Went to get Silas' hair cut at my salon on Tuesday. It's my day off. So, Heather, my co-worker and mother to Silas' best buddy Marco, cut his hair.
Silas loves going to the salon. My co-workers are some of the best folks on this planet. I consider some of them family. Most salons can't profess to have that dynamic. Lots of drama in salons. As an actor, I use to find the drama in salons funny. Now, I find it absolutely ridiculous. We're not saving lives. We're not curing horrible diseases. We're doing your f-ing hair. However, we DO make people feel amazing. We DO let people vent AND get pretty. So, it's like going to the psychiatrist and going to the "beautician" for half the price. I've called it "Hairapy" for years ... then, that damned commercial came out ... the one for the grocery store product. I should have trademarked that.
In any case, we got Silas' hair cut. I've been the only person to cut it thus far. But, I just wanted a break and to sit and watch Heather work her magic. She did such a wonderful job. She treats Silas like he's her own son, so he just sat there sucking on a lollypop while she cut his hair. He listened to me when I told him to sit still or keep his head straight. He listened to Heather and me when we told him to sit still and look in the mirror. He waved at clients as they came in.
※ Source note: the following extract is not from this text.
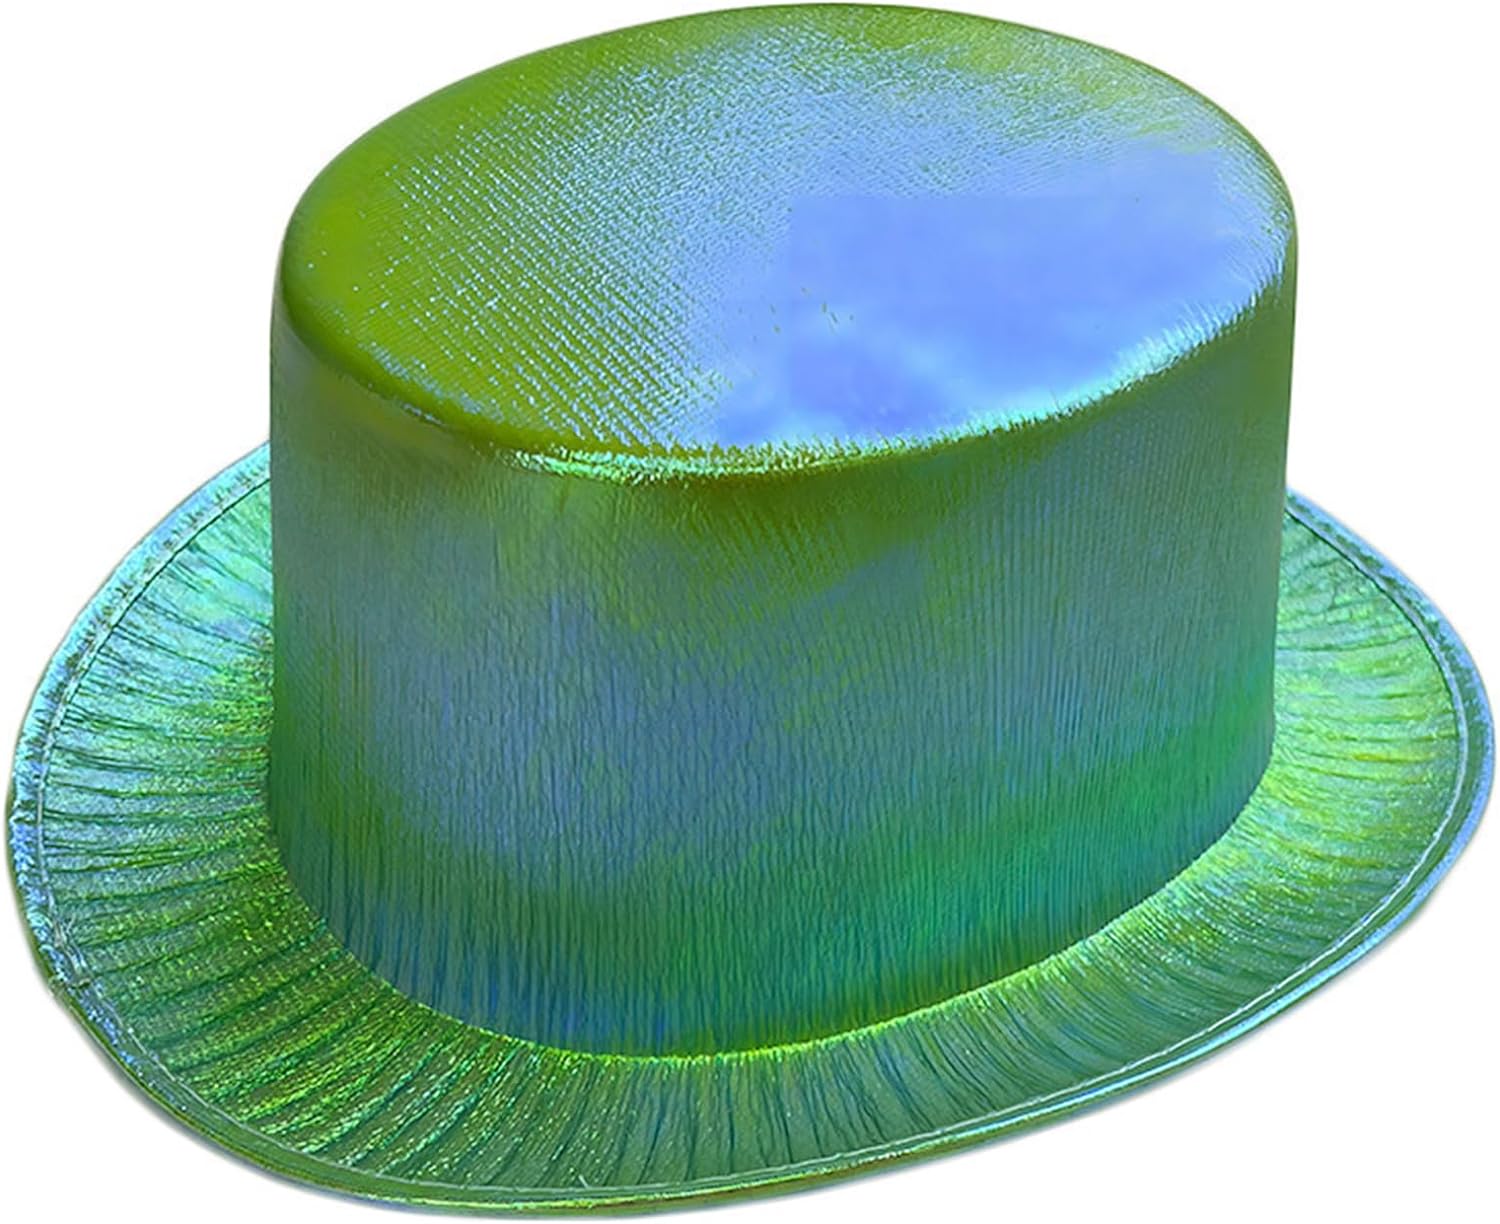 Yeşil Renk Işıltılı Hologram Kumaş Kaplama Fötr Silindir Şapka Yetişkin Boy  (CLZ)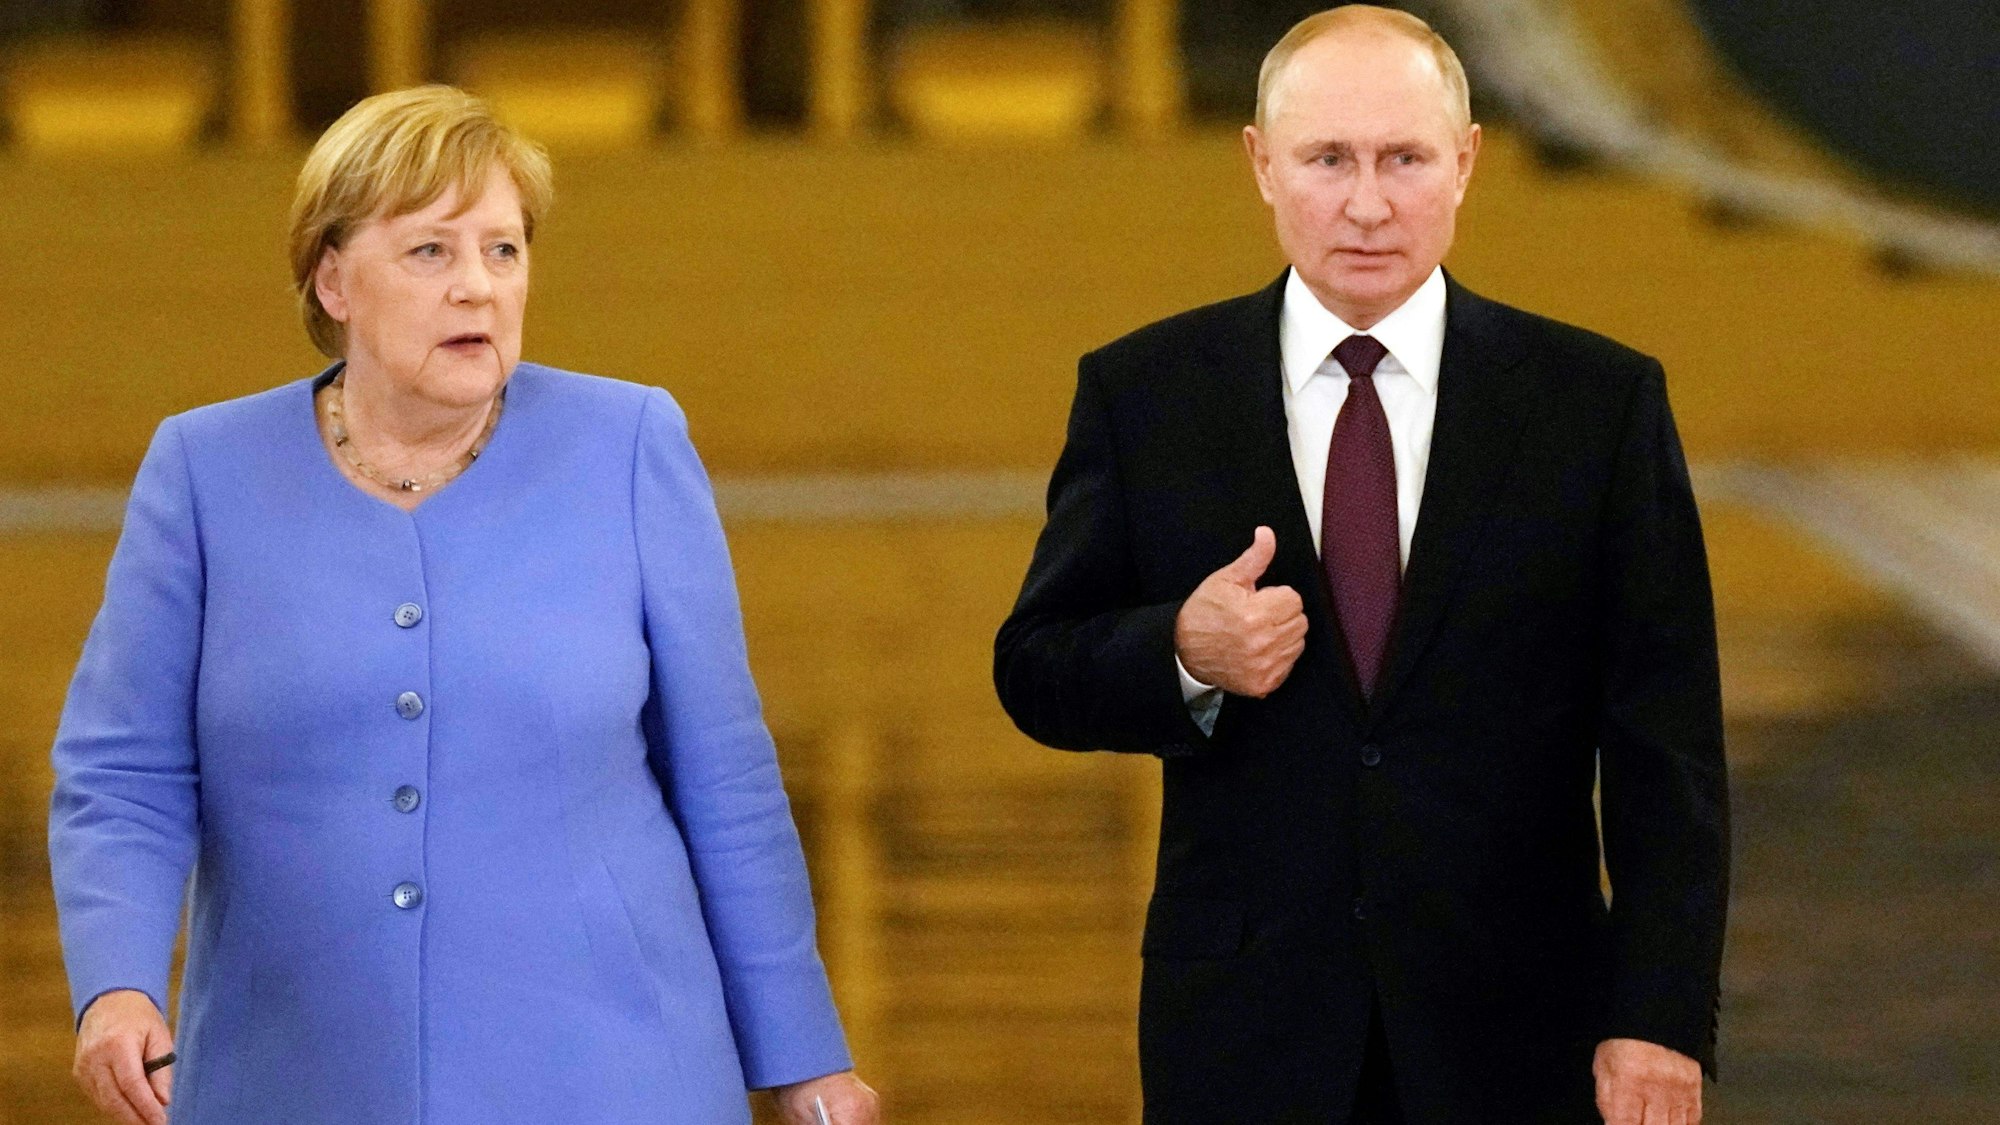 Altkanzlerin Angela Merkel (CDU) steht neben dem russischen Präsidenten Wladimir Putin, beide tragen formale Kleidung und blicken ernst.

He said "please" and "thank you" to everyone, when appropriate. He was such a good guy.
Today, my coworker Ann said, "Silas was so cute, getting his hair cut. You're an amazing Mama. You just go with the flow. You're so mellow and not thrown by anything." I've NEVER in my life gotten a better compliment. I've never been so happy and proud. I've been blessed with this boy. MY son tells me "Mama, I wanna go night, night." My son eats all of the best foods in the world: fruits, veggies, whole grains ... blah, blah, blah! He eats more than Kevin and I do. He's like a frickin' goat. And, he's still a tiny thing. I guess that's the reward when you've had a child that had colic for the first 3 months of his life. I'm not kidding. I could NOT leave my house for 3 months without preparing to explain why my child was screaming for NO reason.
I've been through some silly stuff. I've faced some shitty circumstances. I'm proud that I've made it through all that stuff and laughed the whole time. I've been told how strong I am for having cancer and being so strong and keeping my sense of humor. Well, I figure, if you have a sense of humor, it's all about breeding and how you were raised. Don't compliment me. Compliment my family and friends that have helped make the person that I am today. But, the most wonderful compliment that I've EVER gotten is "you're an amazing Mama." I find it hard to imagine that I could EVER hear something more beautiful.
By the way, the first time my father, "Pappy", met Silas, he said "you're a wonderful Mama." I cried like a damned baby hearing that, as no one had ever told me that. I guess I had never felt so proud THAT day too.